This project aims to recommend recipes to users based on their preferences using PySpark and GPU acceleration. By leveraging PySpark's distributed computing capabilities and GPU-accelerated libraries like cuDF and cuML, the system can efficiently process large-scale data and perform similarity calculations for recipe recommendations.
To run the project, follow these steps:
- Install necessary packages:
!pip install pyspark !pip install cudf-cu12 --extra-index-url=https://pypi.nvidia.com !pip install cuml-cu12 --extra-index-url=https://pypi.nvidia.com --no-cache-dir
- Install additional libraries:
!pip install termcolor nltk wordcloud numpy matplotlib seaborn pandas tqdm
- Download NLTK data:
import nltk nltk.download('wordnet')
- Setting up Spark Session: Initialize a Spark session to start working with Spark dataframes.
- Loading Data: Load the recipe data into a Spark dataframe from a CSV file.
- Text Cleaning: Perform text cleaning on the ingredients column to remove numbers and punctuation.
- Word Cloud and Word Frequency Analysis: Visualize the most common ingredients using word cloud and word frequency charts.
- Text Preprocessing Pipeline: Build a text preprocessing pipeline including tokenization, stop word removal, and lemmatization.
- GPU Setup: Check GPU availability and setup for accelerated processing.

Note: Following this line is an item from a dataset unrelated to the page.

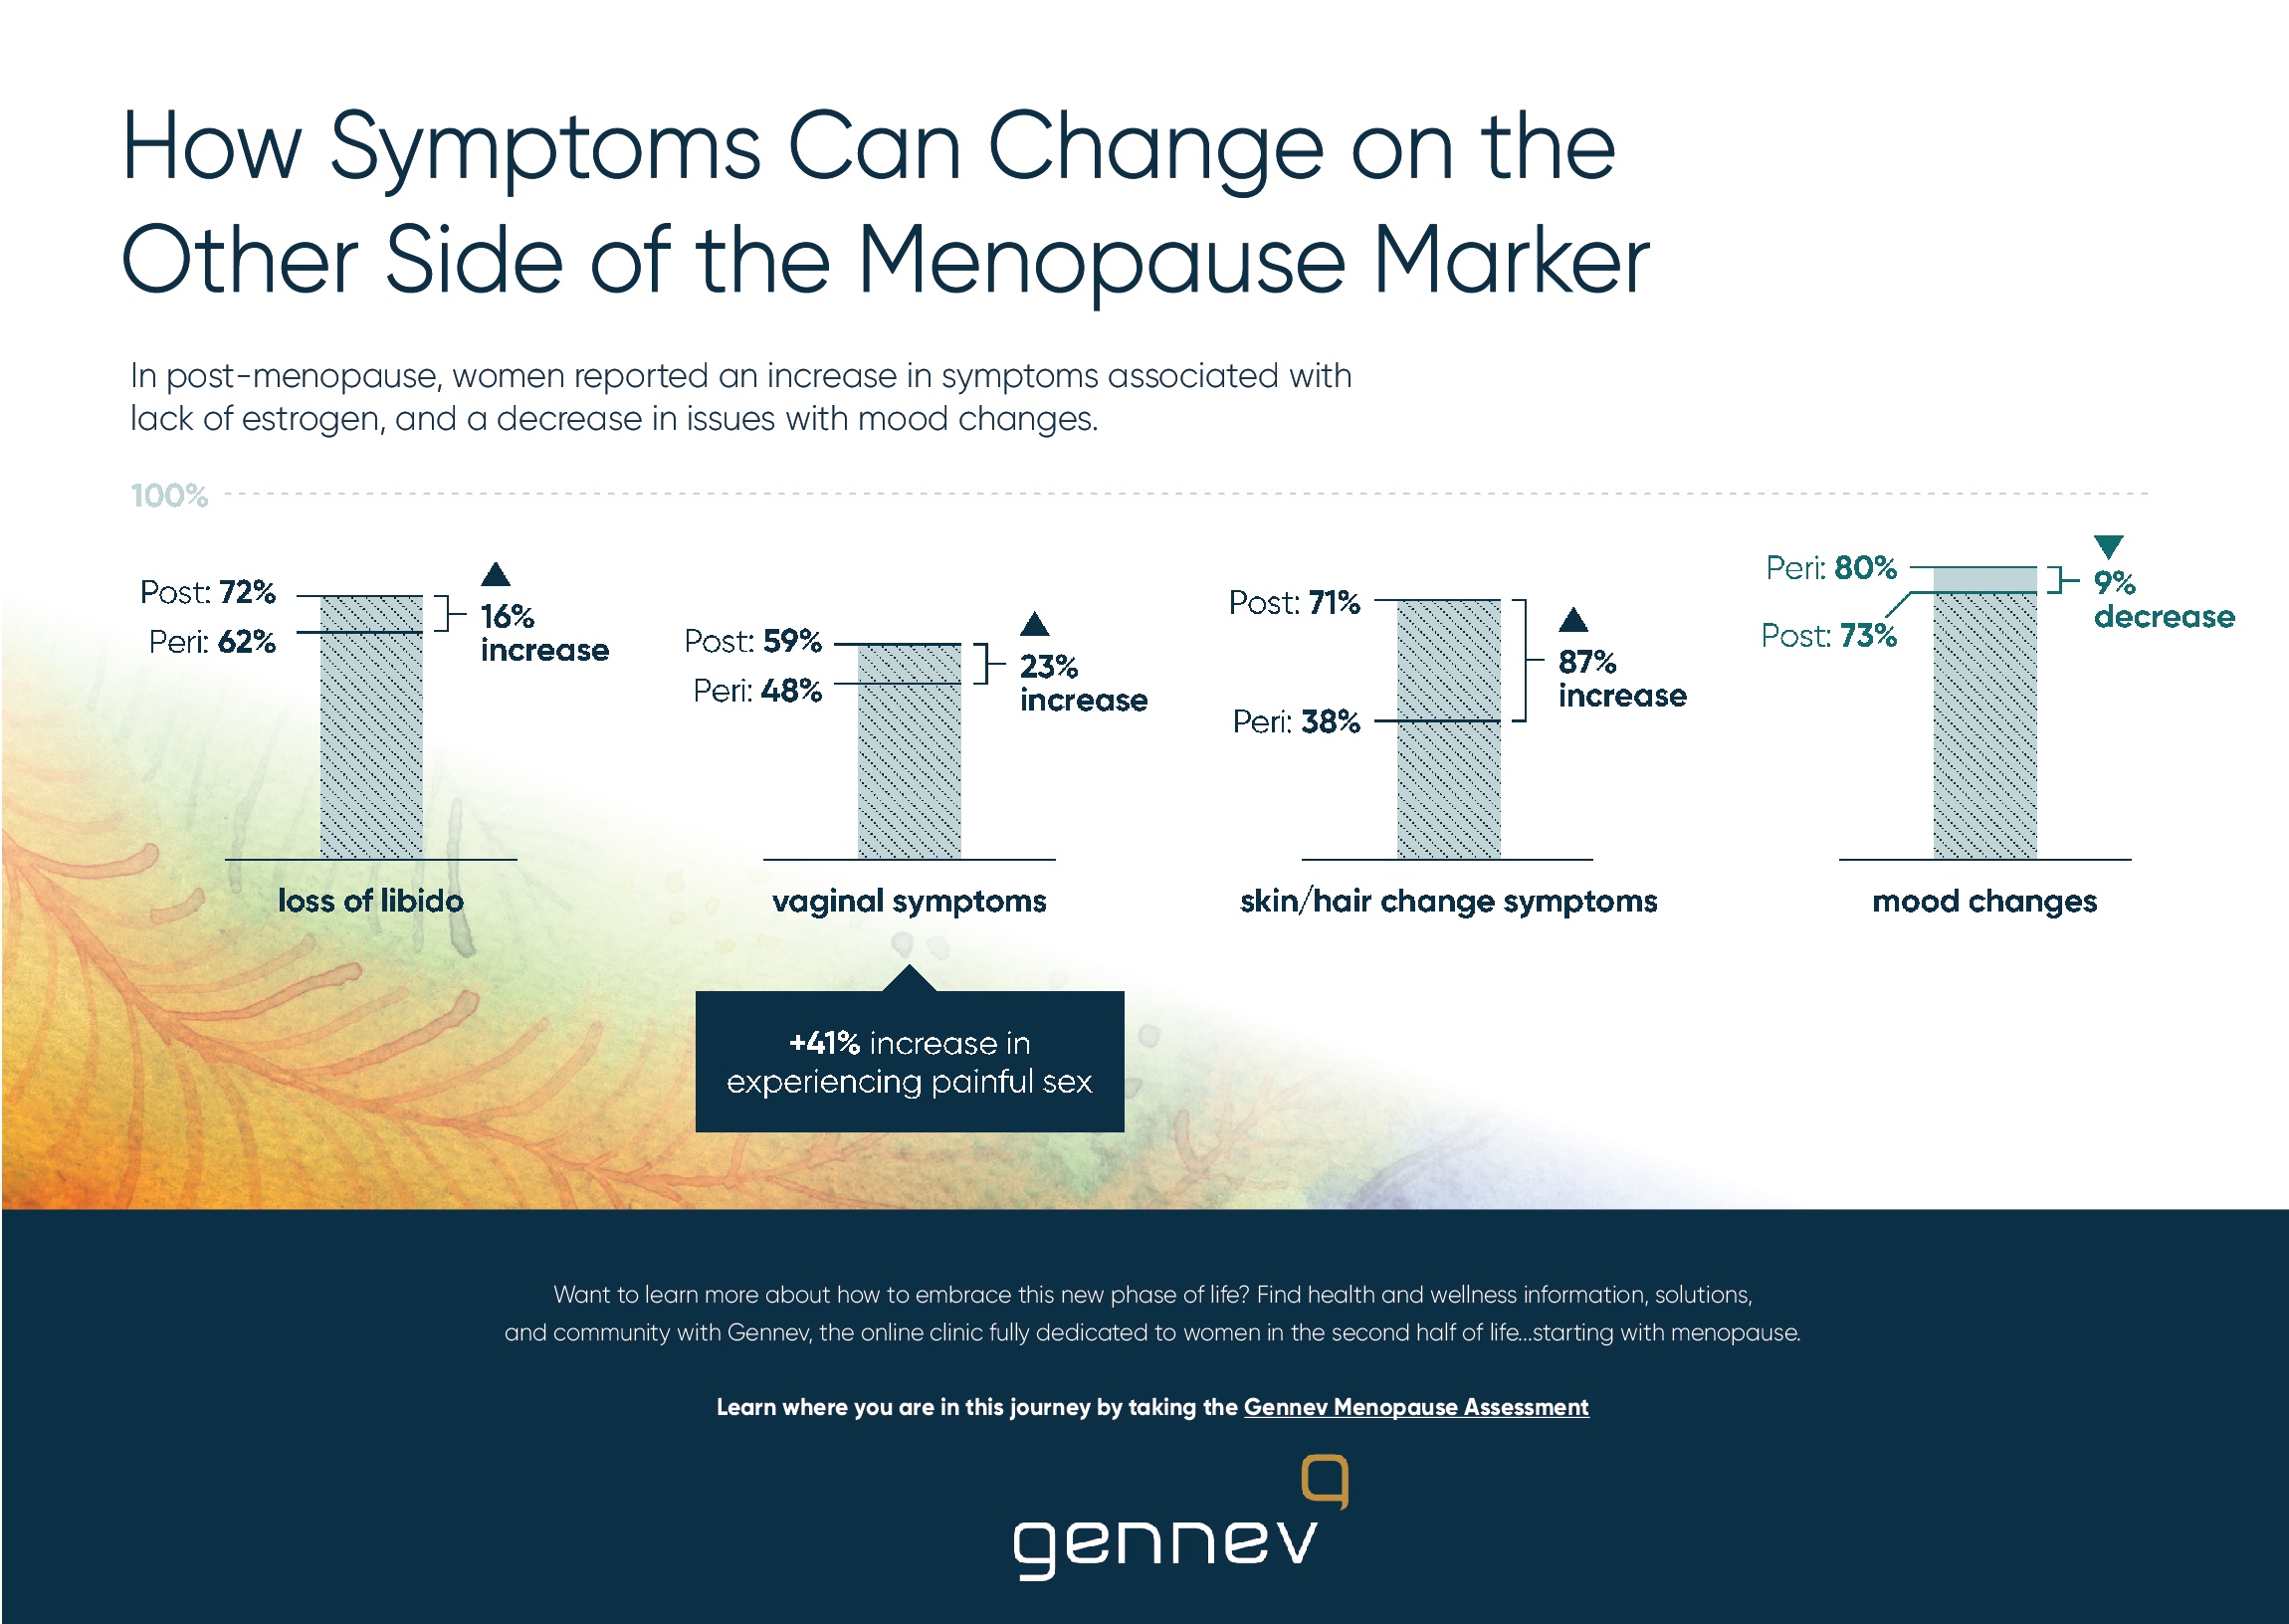 How Symptoms Change on the Other Side of the Menopause Marker

- Cosine Similarity Calculation: Calculate cosine similarity between recipes using GPU acceleration.
- Recommendation Generation: Generate recipe recommendations based on similarity scores.
- Ending Spark Session: Stop the Spark session to release resources.
- Efficient handling of large-scale data using PySpark.
- GPU-accelerated processing for faster similarity calculations.
- Text preprocessing pipeline for cleaning and tokenizing recipe ingredients.
- Visualization of ingredient frequencies using word cloud and word frequency charts.
- On-the-fly similarity calculations for real-time recommendation generation.
The project showcases the use of PySpark and GPU acceleration for recipe recommendations, providing insights into the text processing pipeline and similarity calculations. It suggests potential improvements for model persistence, hyperparameter tuning, user feedback integration, and scalability. Overall, it's a well-structured project with the potential for further enhancements.
This project is licensed under the MIT License.